The credits for an exchange frequently do come out quickly; it varies by quite a bit.   A couple of months ago, you could call the WM Exchange dept and they would fix the problem while on the phone.  Now, they won't let you call direct.  Instead, they route the calls to VPC (who won't be able to help) and will get transferred to Owner Care who will have to call the exchange dept who will finally fix it.  Start with Owner Care and let them know that the elimination of the option to talk directly to Exchange which means explaining the problem 3 times instead of 1 is really bad customer service.  

Sue


----------



## HudsHut (Aug 1, 2015)

I don't know what WorldMark has gained by making this change, but I certainly feel the loss of customer service when I have to explain the problem twice, and the points are no longer reinstated while I am on the phone. In fact, it may take a week or more for the points to be reinstated.

Recently, I called VPC, explained the problem, and the agent, who was either new or uninformed, asked if I had contacted II.  I then re-explained to Owner Care.

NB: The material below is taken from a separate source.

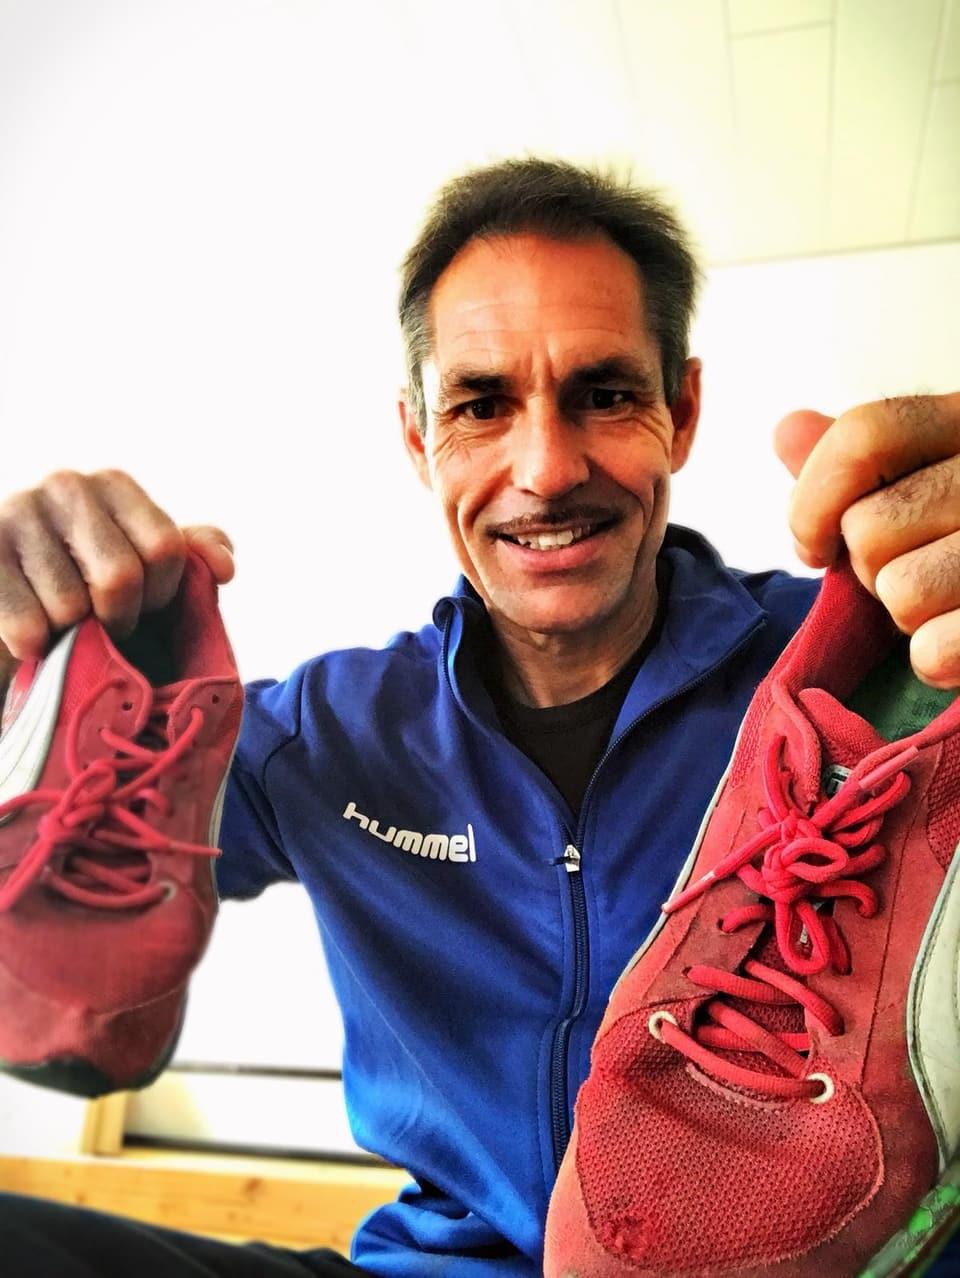 Freddy Nock mit roten Joggingschuhen

Whenever this happens, I call and politely explain that the points should never have been removed in the first place, as I was still within the 24 hour  cancellation window.

On my last exchange, it took a full week for the points to be reinstated. 
The Owner Care rep I spoke with that day, told me that they get a report on Tue and Thu from II, and that is what tells the Exchange Dept that the Exchange was cancelled. However, my exchange matched on a Thursday. I immediately called to cancel. The points were deducted on Friday. I don't know why my points were not reinstated on Tuesday. I finally called on Thursday, and points were reinstated on Friday.

You must keep track of it because sometimes the report II sends does NOT show that you cancelled the exchange.


----------